Nach dem gestern gefassten Beschluss soll die Notbremse konsequent angewendet werden. Das heißt, neben der Schließung der Geschäfte sind Kontakte nur noch zwischen einem Haushalt und einer weiteren Person erlaubt (Kinder ausgenommen). Eine Ausnahme soll jedoch für die Ostertage gelten. Zwischen Gründonnerstag, 1. April, und Ostermontag sind private Zusammenkünfte unabhängig von der 7-Tage-Inzidenz von zwei Haushalten und maximal bis zu 5 Personen erlaubt (Kinder unter 14 Jahren nicht mitgezählt). Allerdings gibt es eine Ausgangsbeschränkung.
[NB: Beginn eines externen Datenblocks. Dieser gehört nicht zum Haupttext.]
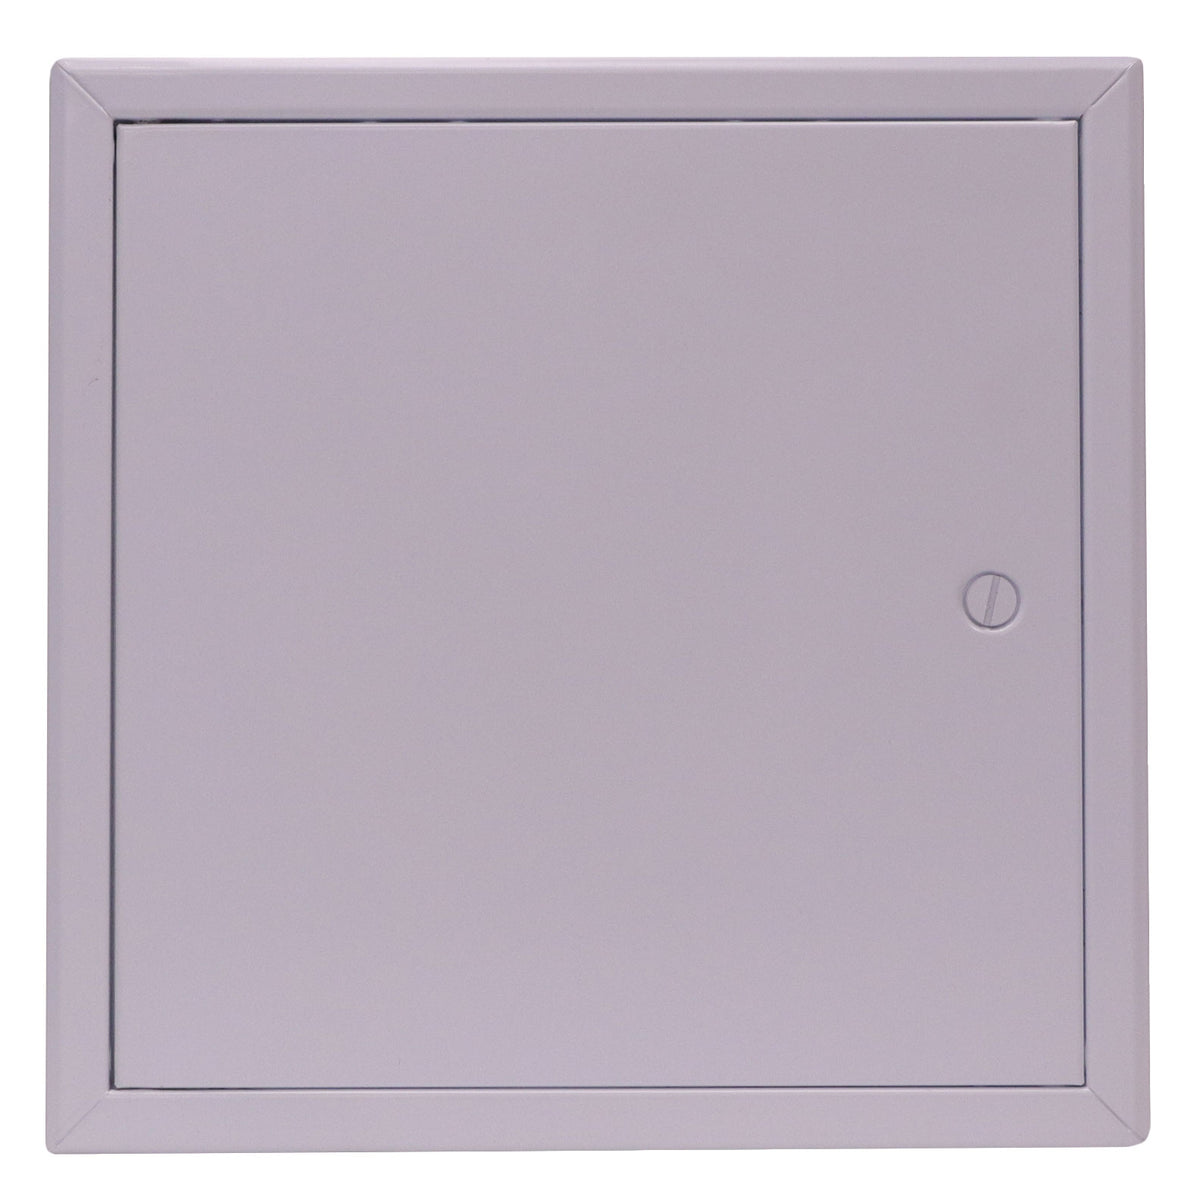 20&quot; X 20&quot; Steel Access Panel Removable Door For Concealed Wall / Ceiling Application With Slotted Lock - [Outer Dimensions: 21&quot; Width X 21&quot; Height]
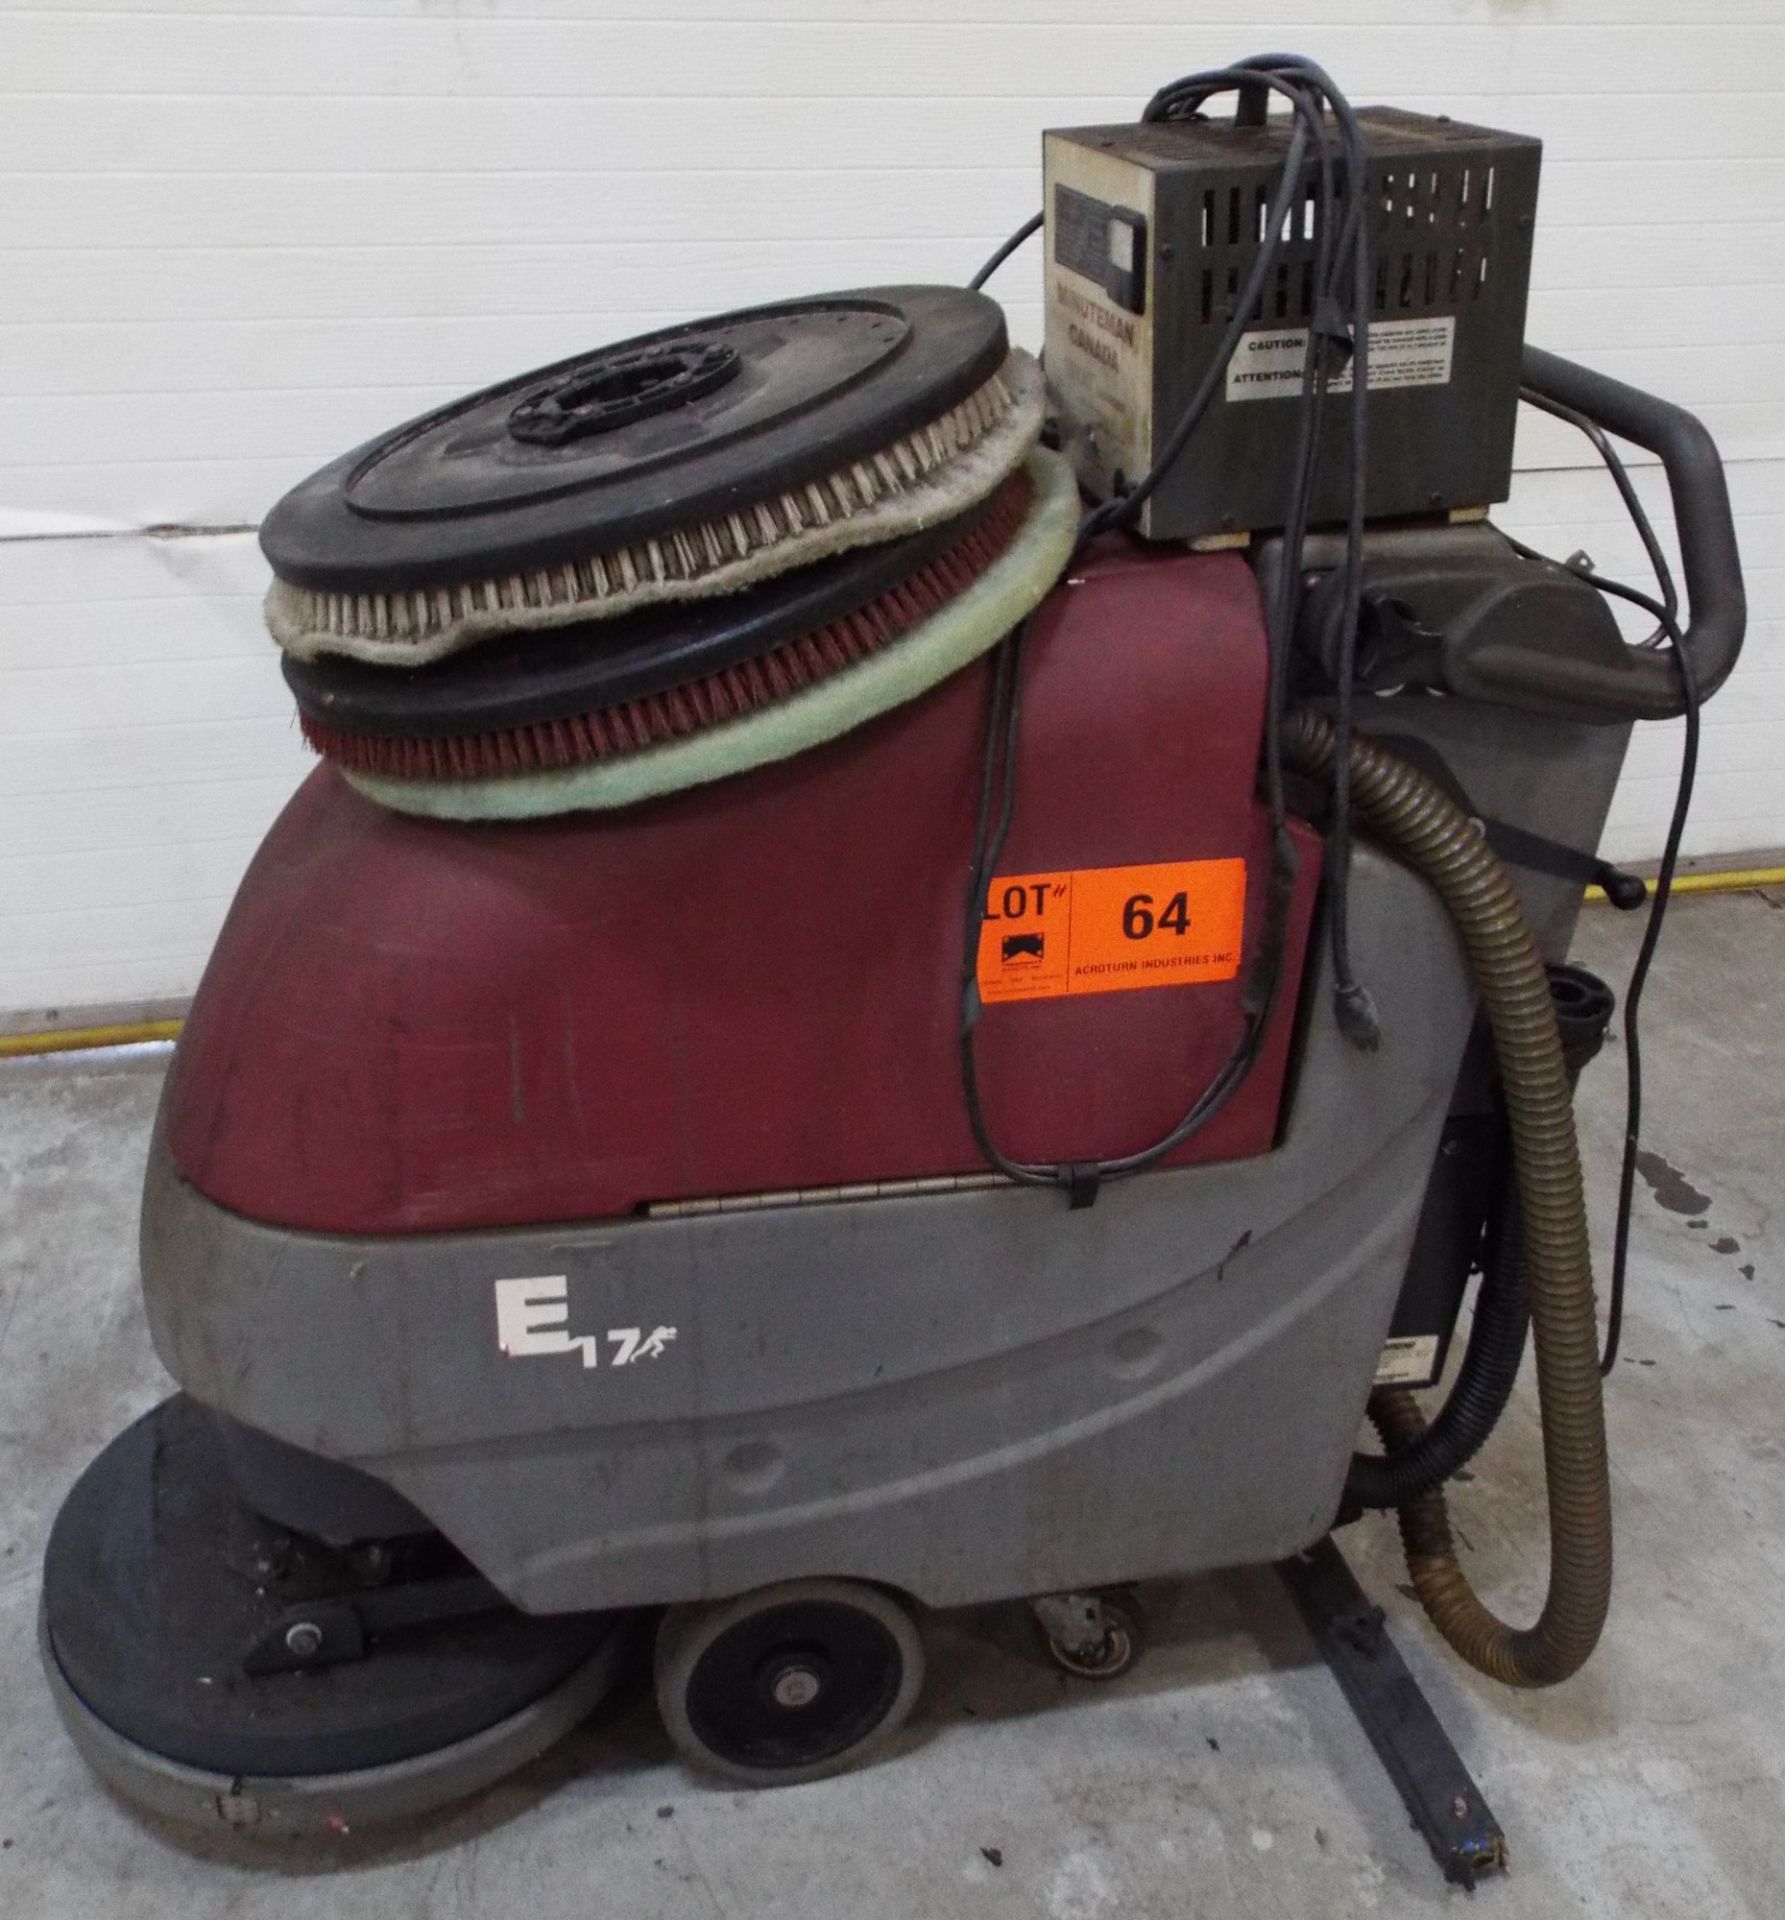 LOT/ MINUTEMAN E17 & 200 FLOOR SCRUBBERS WITH CHARGER & ACCESSORIES (NOT IN SERVICE)

Zwischen 22 Uhr und 5 Uhr darf die Wohnung nur aus triftigen Gründen verlassen werden. 

Arbeitgeber*innen sind zudem aufgefordert, auf Grundlage eines Testkonzeptes sicherzustellen, dass alle Beschäftigten mindestens an einem Tag in der Woche auf das Corona-Virus getestet werden können. Die Erfassung von Personendaten zum Kontaktnachweis soll künftig elektronisch über die Smartphone-App Luca erfolgen.